Problem statement: All that is needed is an exact repetition of the lines from the one containing "Jeune enfant de" through the final line of the material, without pictures.

Collected data:
____

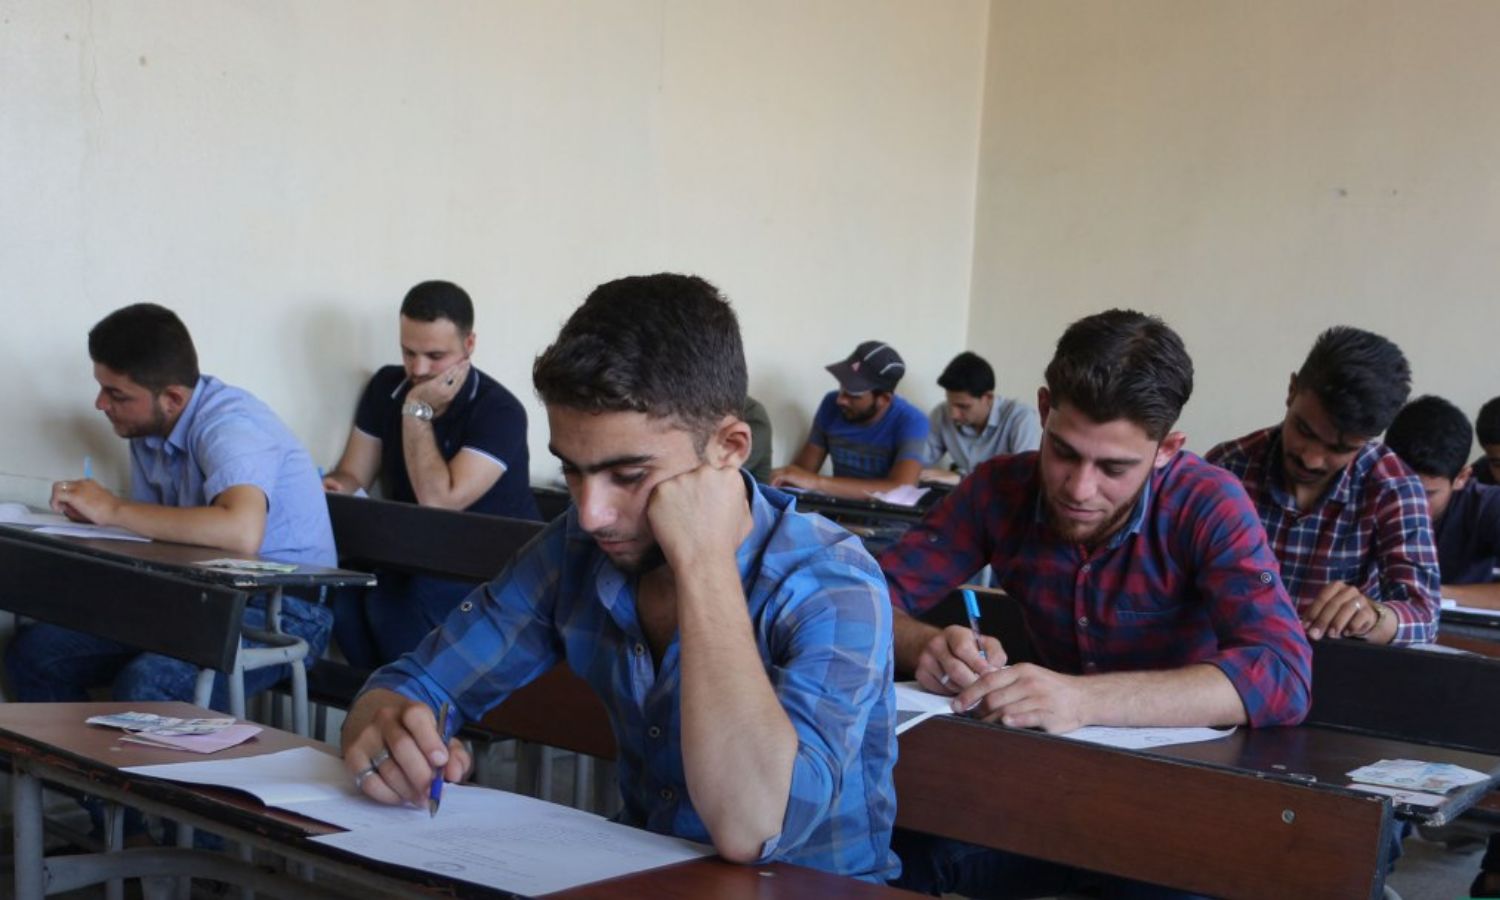 طلاب جامعة "حلب الشهباء" خلال امتحانات في مدينة سرمدا بريف إدلب الشمالي - 9 من تموز 2019 (وكالة أنباء الشام)
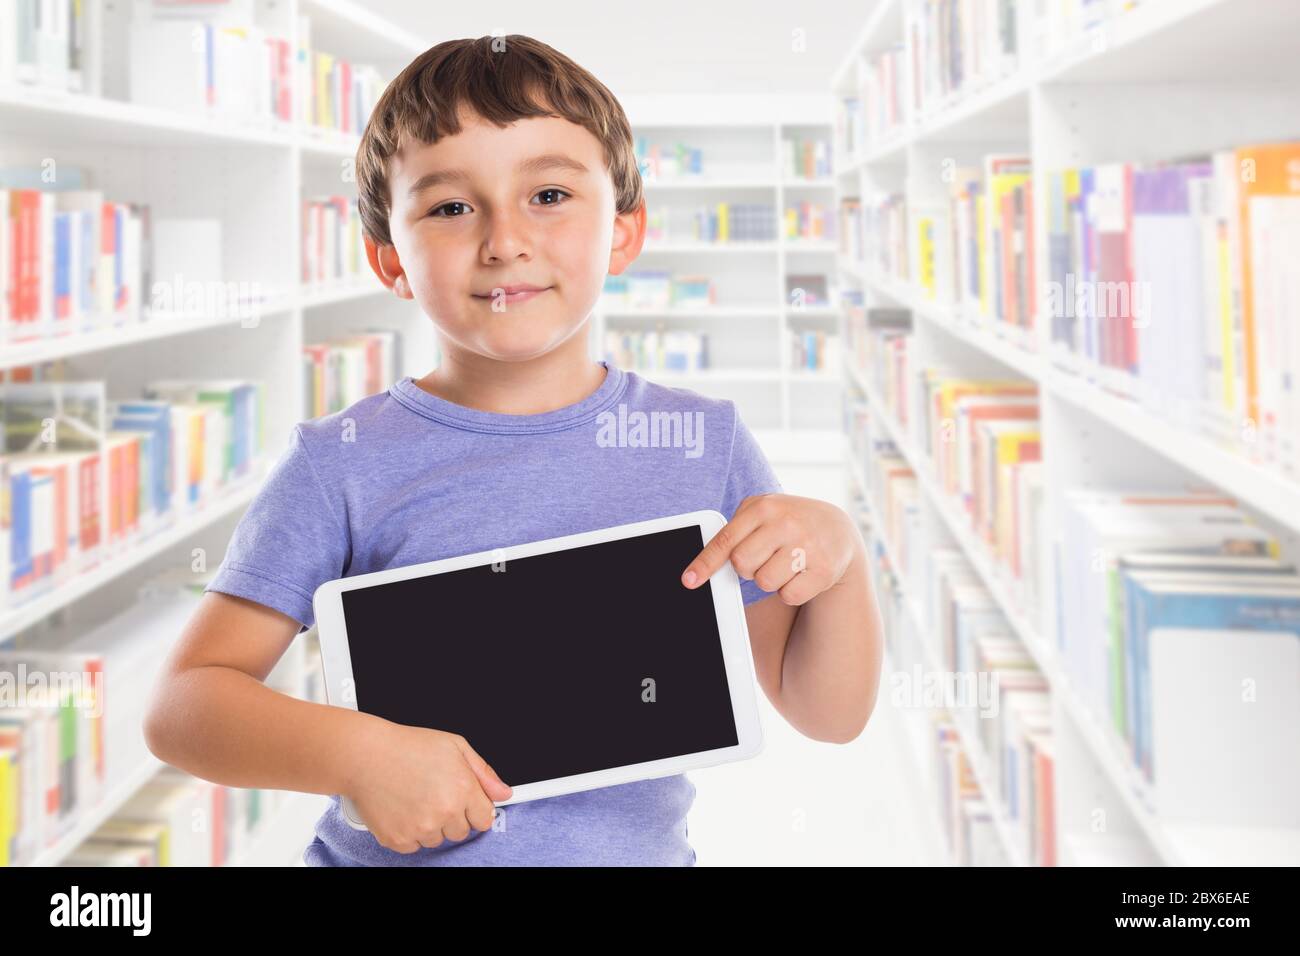 Jeune enfant de garçon pointant à la tablette informatique bibliothèque d'information marketing publicité apprendre Banque D'Images
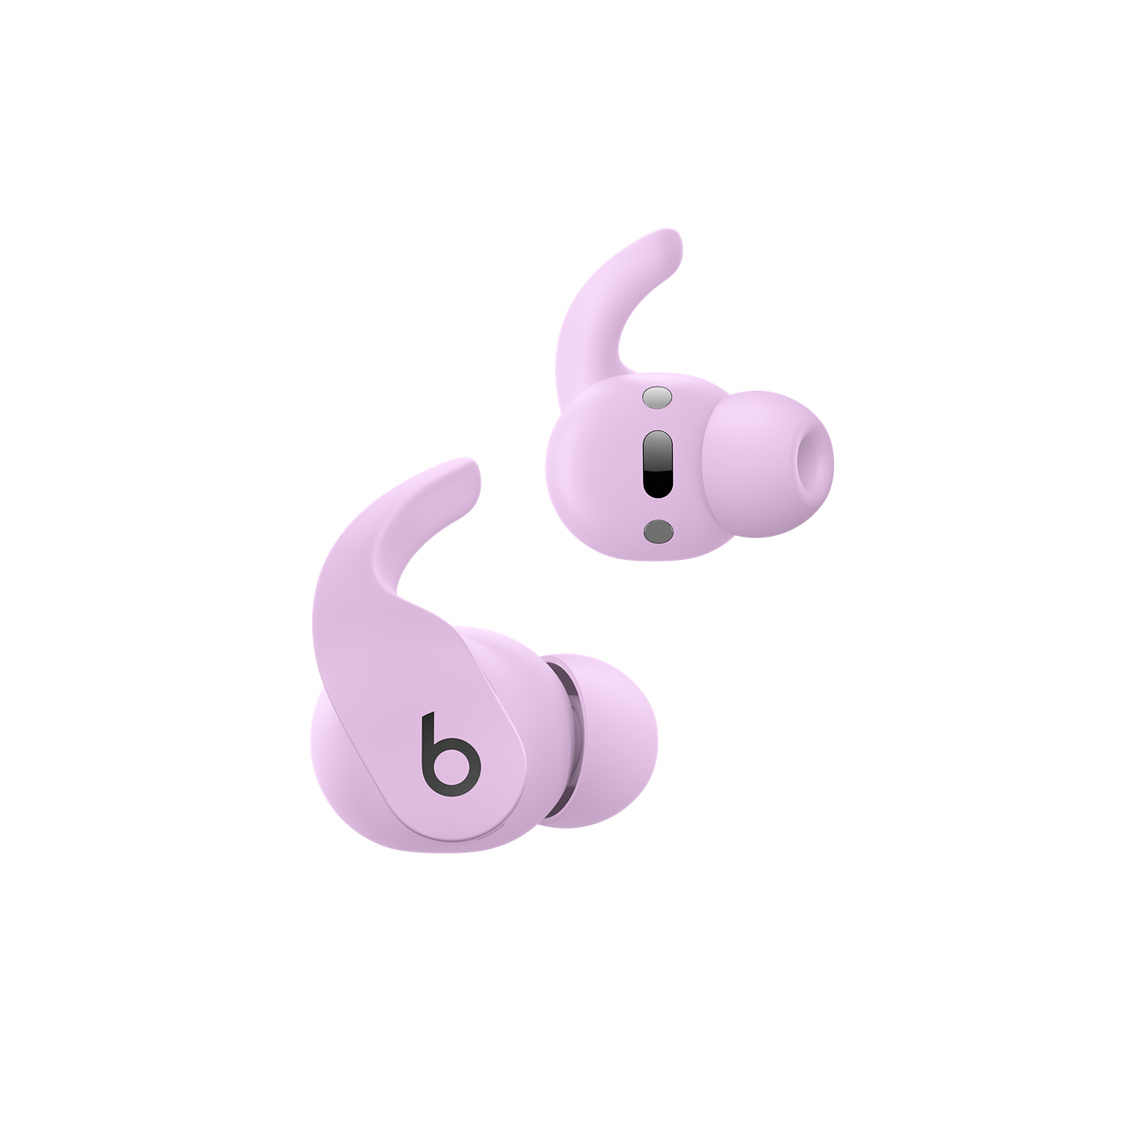 冰晶紫 Beats Fit Pro 真無線入耳式耳機，展示耳機上操控鈕，可用於管理通話並控制音樂

____

Response box:
 Jeune enfant de garçon pointant à la tablette informatique bibliothèque d'information marketing publicité apprendre Banque D'Images
 冰晶紫 Beats Fit Pro 真無線入耳式耳機，展示耳機上操控鈕，可用於管理通話並控制音樂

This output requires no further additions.